■ **TRY IT**:
Both the line below containing "Philtres d'amour et" and the line containing "France, Ile de", along with every line between them, should be repeated exactly; no other line belongs in the answer.

TASK INPUT section start

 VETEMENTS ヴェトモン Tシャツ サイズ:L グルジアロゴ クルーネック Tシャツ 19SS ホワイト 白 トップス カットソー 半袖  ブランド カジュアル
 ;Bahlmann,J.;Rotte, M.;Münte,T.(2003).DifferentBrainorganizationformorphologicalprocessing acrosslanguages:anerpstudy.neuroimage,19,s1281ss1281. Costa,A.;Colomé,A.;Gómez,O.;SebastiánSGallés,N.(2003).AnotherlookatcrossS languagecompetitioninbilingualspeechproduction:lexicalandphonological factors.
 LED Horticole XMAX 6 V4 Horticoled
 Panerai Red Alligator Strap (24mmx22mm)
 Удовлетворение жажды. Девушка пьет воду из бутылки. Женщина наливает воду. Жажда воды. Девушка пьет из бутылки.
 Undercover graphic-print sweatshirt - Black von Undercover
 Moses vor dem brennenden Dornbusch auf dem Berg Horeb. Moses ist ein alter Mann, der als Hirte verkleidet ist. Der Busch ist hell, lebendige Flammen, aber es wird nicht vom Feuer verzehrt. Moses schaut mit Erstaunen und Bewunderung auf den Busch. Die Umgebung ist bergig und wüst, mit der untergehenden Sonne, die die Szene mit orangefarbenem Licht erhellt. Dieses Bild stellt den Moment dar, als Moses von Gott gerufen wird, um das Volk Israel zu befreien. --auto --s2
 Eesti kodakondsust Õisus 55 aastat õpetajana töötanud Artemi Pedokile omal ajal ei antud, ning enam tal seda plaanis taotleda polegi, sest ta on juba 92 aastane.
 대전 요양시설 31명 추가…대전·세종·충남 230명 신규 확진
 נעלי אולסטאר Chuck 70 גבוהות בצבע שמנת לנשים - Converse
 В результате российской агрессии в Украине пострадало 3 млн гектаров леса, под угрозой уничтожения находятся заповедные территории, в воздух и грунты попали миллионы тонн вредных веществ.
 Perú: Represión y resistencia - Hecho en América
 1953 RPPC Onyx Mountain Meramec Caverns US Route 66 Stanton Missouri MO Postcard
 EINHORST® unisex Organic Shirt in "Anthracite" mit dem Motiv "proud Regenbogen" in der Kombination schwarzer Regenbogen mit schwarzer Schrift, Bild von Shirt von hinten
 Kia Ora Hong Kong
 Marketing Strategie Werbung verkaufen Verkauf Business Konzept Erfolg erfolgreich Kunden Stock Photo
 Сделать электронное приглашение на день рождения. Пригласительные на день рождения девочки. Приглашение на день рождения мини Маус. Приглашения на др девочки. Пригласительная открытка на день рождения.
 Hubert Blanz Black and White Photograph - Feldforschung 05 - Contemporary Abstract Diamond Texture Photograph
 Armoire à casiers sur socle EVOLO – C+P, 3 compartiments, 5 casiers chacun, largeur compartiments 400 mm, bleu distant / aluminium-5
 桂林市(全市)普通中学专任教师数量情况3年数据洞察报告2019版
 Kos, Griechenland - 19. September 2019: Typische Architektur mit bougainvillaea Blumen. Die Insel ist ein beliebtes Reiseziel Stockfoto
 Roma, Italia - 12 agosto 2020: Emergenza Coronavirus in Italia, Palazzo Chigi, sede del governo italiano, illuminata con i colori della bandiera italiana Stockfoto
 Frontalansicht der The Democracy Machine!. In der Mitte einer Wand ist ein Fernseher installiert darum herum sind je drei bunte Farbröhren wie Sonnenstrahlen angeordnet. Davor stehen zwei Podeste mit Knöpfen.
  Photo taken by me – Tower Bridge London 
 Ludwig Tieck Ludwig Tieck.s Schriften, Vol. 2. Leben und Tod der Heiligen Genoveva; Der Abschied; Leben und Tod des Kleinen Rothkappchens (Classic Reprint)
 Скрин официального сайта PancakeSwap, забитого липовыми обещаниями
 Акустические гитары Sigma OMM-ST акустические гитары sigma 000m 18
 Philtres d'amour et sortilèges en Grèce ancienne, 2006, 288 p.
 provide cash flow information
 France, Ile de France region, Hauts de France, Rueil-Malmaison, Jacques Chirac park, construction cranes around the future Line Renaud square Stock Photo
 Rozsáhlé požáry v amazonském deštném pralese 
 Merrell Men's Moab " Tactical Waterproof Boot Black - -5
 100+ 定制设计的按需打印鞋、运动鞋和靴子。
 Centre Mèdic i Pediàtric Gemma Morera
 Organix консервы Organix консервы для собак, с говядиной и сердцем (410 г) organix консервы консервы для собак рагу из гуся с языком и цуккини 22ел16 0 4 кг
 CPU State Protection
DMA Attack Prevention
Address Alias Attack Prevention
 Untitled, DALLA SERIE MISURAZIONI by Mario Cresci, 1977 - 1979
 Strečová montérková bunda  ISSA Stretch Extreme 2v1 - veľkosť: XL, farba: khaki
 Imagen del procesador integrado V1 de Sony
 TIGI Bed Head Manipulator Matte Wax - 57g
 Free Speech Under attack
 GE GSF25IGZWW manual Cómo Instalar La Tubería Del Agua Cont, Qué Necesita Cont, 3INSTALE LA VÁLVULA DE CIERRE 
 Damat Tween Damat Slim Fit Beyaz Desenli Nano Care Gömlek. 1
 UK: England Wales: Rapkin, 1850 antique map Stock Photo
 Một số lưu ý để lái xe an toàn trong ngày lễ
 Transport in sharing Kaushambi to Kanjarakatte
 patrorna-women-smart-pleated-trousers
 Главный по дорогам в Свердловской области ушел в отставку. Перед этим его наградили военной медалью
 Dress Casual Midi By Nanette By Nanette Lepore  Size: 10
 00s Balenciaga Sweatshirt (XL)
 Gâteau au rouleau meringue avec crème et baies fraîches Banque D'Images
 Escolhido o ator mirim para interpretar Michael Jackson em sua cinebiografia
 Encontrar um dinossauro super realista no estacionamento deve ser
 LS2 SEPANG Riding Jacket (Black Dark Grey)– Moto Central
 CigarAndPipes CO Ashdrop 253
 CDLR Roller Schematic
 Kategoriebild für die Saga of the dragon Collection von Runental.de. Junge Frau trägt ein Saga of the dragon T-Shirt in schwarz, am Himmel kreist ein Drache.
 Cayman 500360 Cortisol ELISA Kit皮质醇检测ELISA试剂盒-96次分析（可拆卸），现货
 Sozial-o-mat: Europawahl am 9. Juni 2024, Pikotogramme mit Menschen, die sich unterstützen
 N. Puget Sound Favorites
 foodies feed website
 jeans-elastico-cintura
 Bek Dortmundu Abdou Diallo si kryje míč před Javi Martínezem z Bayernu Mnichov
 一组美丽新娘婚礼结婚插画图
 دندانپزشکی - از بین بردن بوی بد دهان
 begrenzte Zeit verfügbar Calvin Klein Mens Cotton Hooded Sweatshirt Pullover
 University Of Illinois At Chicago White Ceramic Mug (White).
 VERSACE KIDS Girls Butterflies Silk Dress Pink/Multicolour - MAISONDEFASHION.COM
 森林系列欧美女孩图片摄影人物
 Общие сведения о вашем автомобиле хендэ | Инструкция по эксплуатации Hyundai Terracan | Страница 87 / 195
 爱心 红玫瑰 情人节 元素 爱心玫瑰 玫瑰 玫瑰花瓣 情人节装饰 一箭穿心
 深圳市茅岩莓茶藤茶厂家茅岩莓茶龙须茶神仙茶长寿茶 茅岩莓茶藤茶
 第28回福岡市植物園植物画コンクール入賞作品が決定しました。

TASK INPUT section end

■ **EXERCISE RESPONSE**:
 Philtres d'amour et sortilèges en Grèce ancienne, 2006, 288 p.
 provide cash flow information
 France, Ile de France region, Hauts de France, Rueil-Malmaison, Jacques Chirac park, construction cranes around the future Line Renaud square Stock Photo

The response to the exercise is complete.